Post by robertpaul » Sat Oct 13, 2018 7:16 pm

I have spent about 25 joyful hours pulling the temporary deck screws and replacing them with #12 Bugle Head SS screws. 2" for the keel, stem and chines, 2 1/2" for the frames, and #10x2" for the intermediate frames. The process is quite straight forward. Along the keel, stem and chines I pulled and replaced about 5 at a time. For a frame I found I could pull and replace all of them at one go. Once out, I drill the correct pilot for the screw size. This is the step that requires the most care as I don't want to snap the bit. When I worked in my Dad's machine shop during high school (for a princely 50cents/hour) the machinists always told me not o force the tool or bit. "Let the tool do the work" and concentrate on keeping things square. Despite my best efforts I have broken one but managed to get it out ok. I blame having to work upside down in an awkward position rather than ineptitude. Once the pilots are drilled I countersink each hole just enough to ensure that the putty will have some wood to bond to as well as the screw head (which is sufficiently below the surface, of course). Finally I drive the new fastener into the hull. So far I have completed the stem, both chines, and both sides of the keel. Every screw 'bit' hard into good wood. I have also done all the frames and intermediates on the port side to about amidship, although there are several were I missed the end of the frame and one going just to the side of another. I will plug these errors with dowels in the same fashion that CC did when they missed. And they missed more than I have. I decided that to add and some excitement I would switch over to the stbd side for a while, concentrating on the frames and leaving the intermediates until later. In two hours I was able to complete 7 frames which is means about 120 screws out and new ones in.
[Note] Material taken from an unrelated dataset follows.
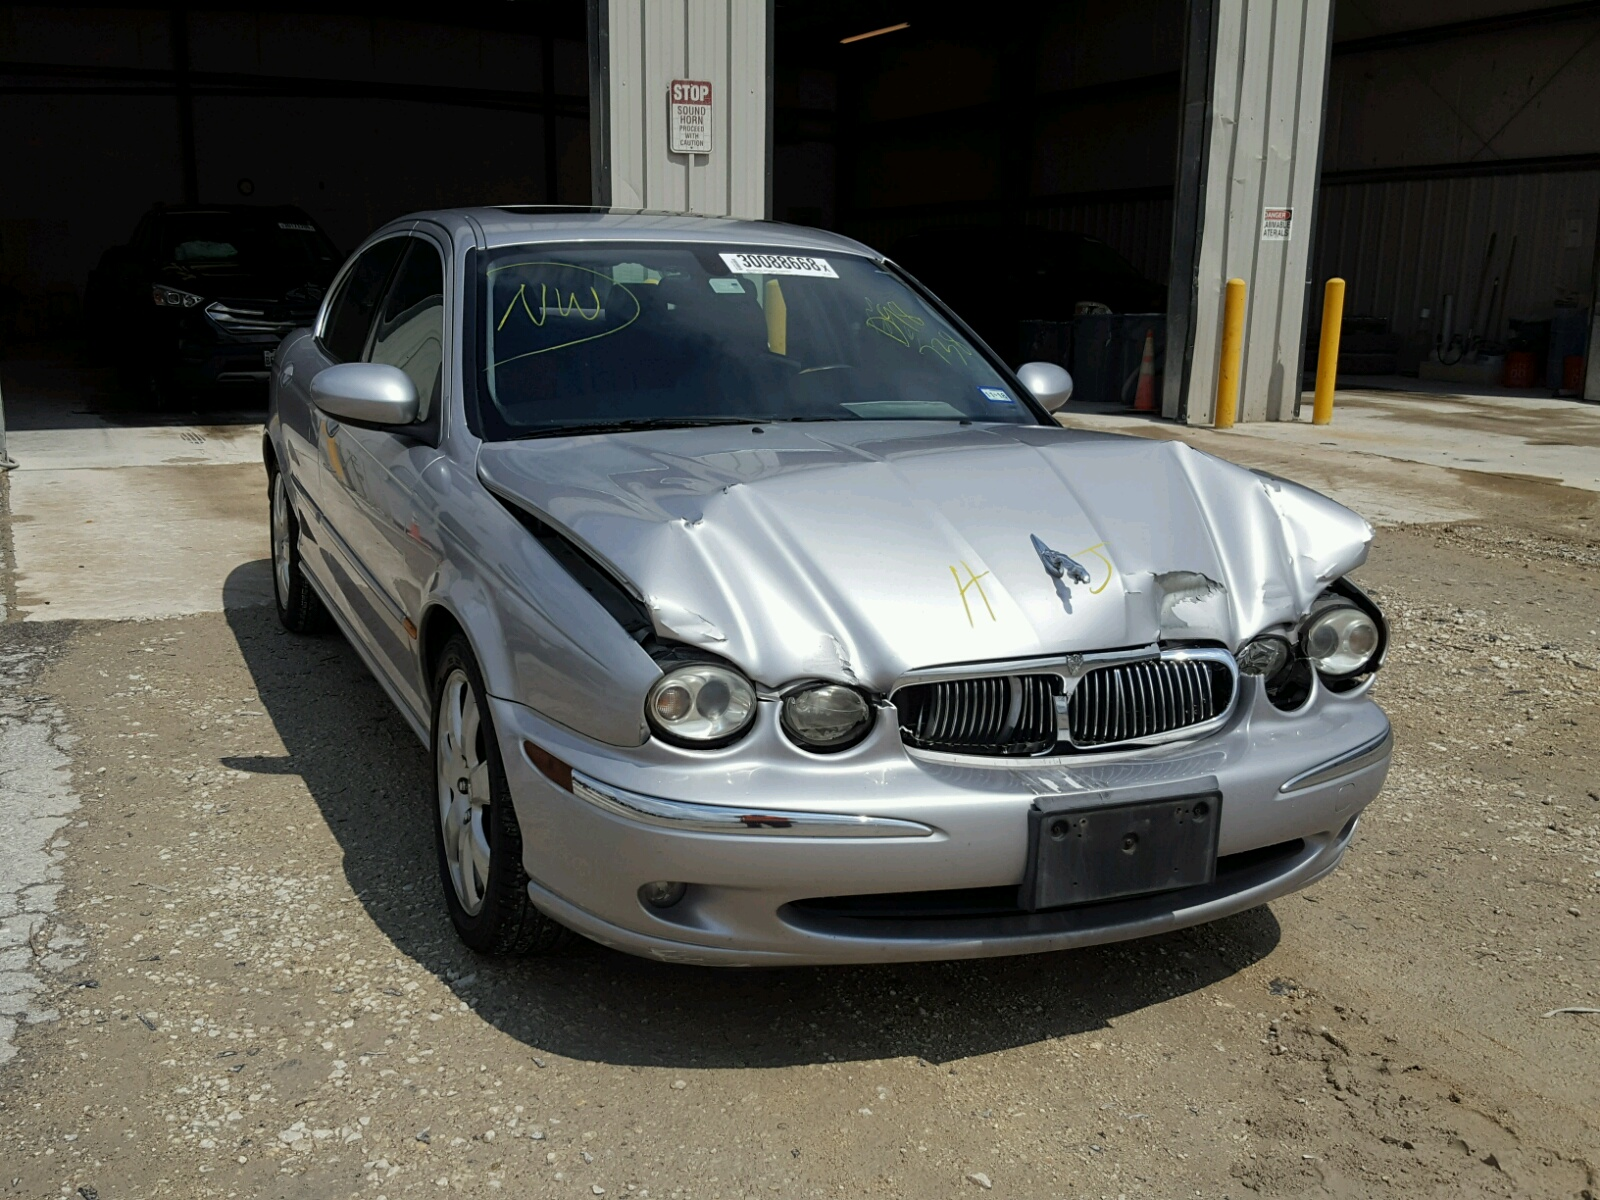 jaguar com for std type c cc x sale of listings large in mississippi lrnw classiccars biloxi view picture

I confess I dawdled a bit but my arms get very tired after a couple of hours and I need to take breaks. fatigue also adds stress when drilling the pilot holes. I should add that I have separate drills for each step in order to avoid changing bits all the time. Here are some pictures.

For some reason I cannot attach the most recent photos! They are only 2.2mb files. The attached photo is 1.5mb. I will try to reduce the size of the pics that prove I really have been at this.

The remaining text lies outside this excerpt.